I encountered several problems during the migration event that would have stopped me in my tracks had I not (in most cases) encountered them already during my testing. This is a list of those issues and what I did to address them. While I may not have all the documentation about these problems or even fully understand all the details, the bottom line is that they worked. My hope is that someone else will benefit from it when it counts the most (and you know what I mean).
 
 
Problem #1 – Unable to Access the Configuration Utility (admin GUI)
The first issue I had to resolve was apparent immediately after the upgrade finished. When I tried to access the Configuration utility, I was denied:
 
Access forbidden!
You don't have permission to access the requested object.
Error 403
 
I happened to find the resolution in SOL7448: Restricting access to the Configuration utility by source IP address. The SOL refers to bigpipe commands, which is what I used initially:
 
bigpipe httpd allow all add
bigpipe save
 
Since then, I’ve developed the corresponding TMSH commands, which is F5’s long-term direction toward managing the system:
 
tmsh modify sys httpd allow replace-all-with {all}
tmsh save / sys config
 
 
Problem #2 – Incompatible Profile
I encountered the second issue after the upgraded configuration was loaded for the first time:
 
[root@bigip2:INOPERATIVE] config # BIGpipe unknown operation error: 01070752:3: Virtual server vs_0_0_0_0_22 (forwarding type) has an incompatible profile.
 
By reviewing the /config/bigip.conf file, I found that my forwarding virtual servers had a TCP profile applied:
 
virtual vs_0_0_0_0_22 {
 destination any:22
 ip forward
 ip protocol tcp
 translate service disable
 profile custom_tcp
}
 
Apparently v9 did not care about this, but v10 would not load until I manually removed these TCP profile references from all of my forwarding virtual servers.
 
 
Problem #3 – BIGpipe parsing error
Then I encountered a second problem while attempting to load the configuration for the first time:
 
BIGpipe parsing error (/config/bigip.conf Line 6870): 012e0022:3: The requested value (x.x.x.x:3d-nfsd {) is invalid (show | <pool member list> | none) [add | delete]) for 'members' in 'pool'
 
While examining this error, I noticed that the port number was translated into a service name – “3d-nfsd”. Fortunately during my initial v10 research, I came across SOL11293 - The default /etc/services file in BIG-IP version 10.1.0 contains service names that may cause a configuration load failure. While I had added a step in my upgrade process to prevent the LTM from service translation, it was not scheduled until after the configuration had been successfully loaded on the new hardware. Instead I had to move this step up in the overall process flow:
 
bigpipe cli service number
b save
 
The corresponding TMSH commands are:
 
tmsh modify cli global-settings service number
tmsh save / sys config
 
 
Problem #4 – Command is not valid in current event context
This was the final error we encountered when trying to load the upgraded configuration for the first time:
 
BIGpipe rule creation error: 01070151:3: Rule [www.mycompany.com] error: line 28: [command is not valid in current event context (HTTP_RESPONSE)] [HTTP::host]
 
While reviewing the iRule it was obvious that we had a statement which didn’t make any sense, since there is no Host header in an HTTP response. Apparently it didn’t bother v9, but v10 didn’t like it:
 
when HTTP_RESPONSE {
 switch -glob [string tolower [HTTP::host]] {
    <do some stuff>
 }
}
 
We simply removed that event from the iRule.
 
 
Problem #5: Failed Log Rotation
After I finished my first migration, I found myself in a situation where none of the logs in the /var/log directory were not being rotated.
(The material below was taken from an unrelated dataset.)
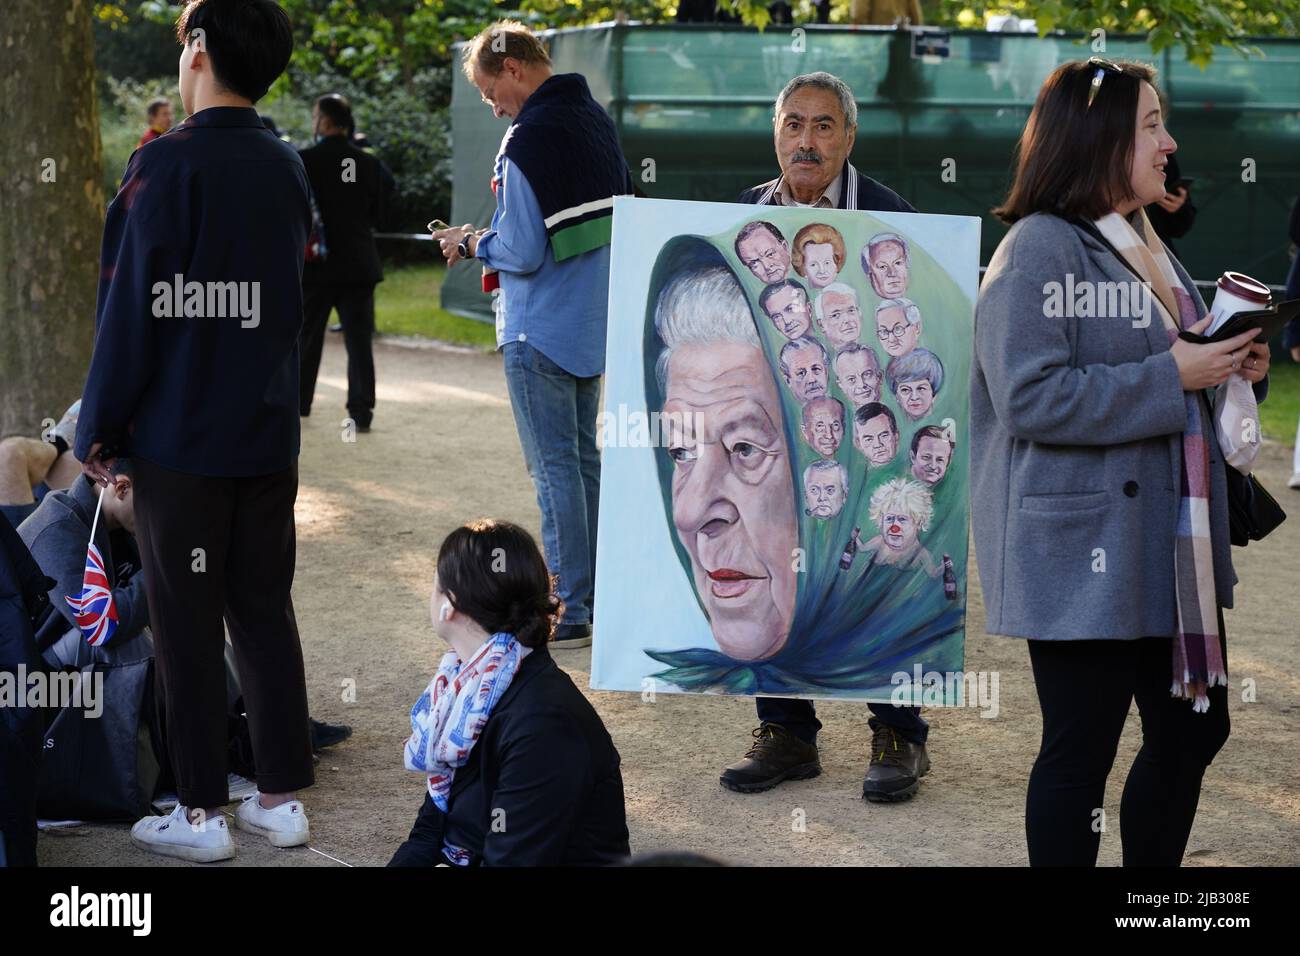 London, UK. 2nd June, 2022. During The Queen's Platinum Jubilee Celebrations, a man holds a painting showing the Queen and the 14 Prime Ministers that she has worked with. The Mall, London, UK. Credit: Grant Rooney/Alamy Live News Stock Photo

The /var/log/secure log file held the best clue about the underlying issue:
 
warning crond[7634]: Deprecated pam_stack module called from service "crond"
 
I had to open a case with F5, who found that the PAM crond configuration file (/config/bigip/auth/pam.d/crond) had been pulled from the old unit:
 
#
# The PAM configuration file for the cron daemon
#
#
auth    sufficient      pam_rootok.so
auth    required        pam_stack.so service=system-auth
auth    required        pam_env.so
account required        pam_stack.so service=system-auth
session required        pam_limits.so
#session        optional        pam_krb5.so
 
I had to update the file from a clean unit (which I was fortunate enough to have at my disposal):
 
#
# The PAM configuration file for the cron daemon
#
#
auth       sufficient pam_rootok.so
auth       required   pam_env.so
auth       include    system-auth
account    required   pam_access.so
account    sufficient pam_permit.so
account    include    system-auth
session    required   pam_loginuid.so
session    include    system-auth
 
and restart crond:
 
bigstart restart crond
 
or in the v10 world:
 
tmsh restart sys service crond


Problem #6: LTM/GTM SSL Communication Failure

This particular issue is the sole reason that my most recent migration process took 10 hours instead of four. Even if you do have a GTM, you are not likely to encounter it since it was a result of our own configuration. But I thought I’d include it since it isn’t something you’ll see documented by F5. One of the steps in my migration plan was to validate successful LTM/GTM communication with iqdump. When I got to this point in the migration process, I found that iqdump was failing in both directions because of SSL certificate verification despite having installed the new Trusted Server Certificate on the GTM, and Trusted Device Certificates on both the LTM and GTM. After several hours of troubleshooting,  I decided to perform a tcpdump to see if I could gain any insight based on what was happening on the wire. I didn’t notice it at first, but when I looked at the trace again later I noticed the hostname on the certificate that the LTM was presenting was not correct. It was a very small detail that could have easily been missed, but was the key in identifying the root cause.
 
Having dealt with Device Certificates in the past, I knew that the Device Certificate file was /config/httpd/conf/ssl.crt/server.crt. When I looked in that directory on the filesystem, there I found a number of certificates (and subsequently, private keys in /config/httpd/conf/ssl.key) that should not have been there. I also found that these certificates and keys were pulled from the configuration on the old hardware. So I removed the extraneous certificates and keys from these directories and restarted the httpd service (“bigstart restart httpd”, or “tmsh restart sys service crond”). After I did that, the LTM presented the correct Device Certificate and LTM/GTM communication was restored. I'm still not sure to this day how those certificates got there in the first place...


Rate This Article:

COMMENTS

posted @ Tuesday, June 29, 2010 10:20 AM by jpedley   

Great work! Another thing to worry about iRules is datagroup naming. In 9.4.X, I have datagroups such as ::dg_name. This works fine in 9.4 but fails in 10.2. Fix is to add the $. You can also do this pre-migration, but be warned, if your datagroup name has a hyphen in it, it will truncate the variable in 9.4, and since it doesn't match a valid datagroup, it will abort.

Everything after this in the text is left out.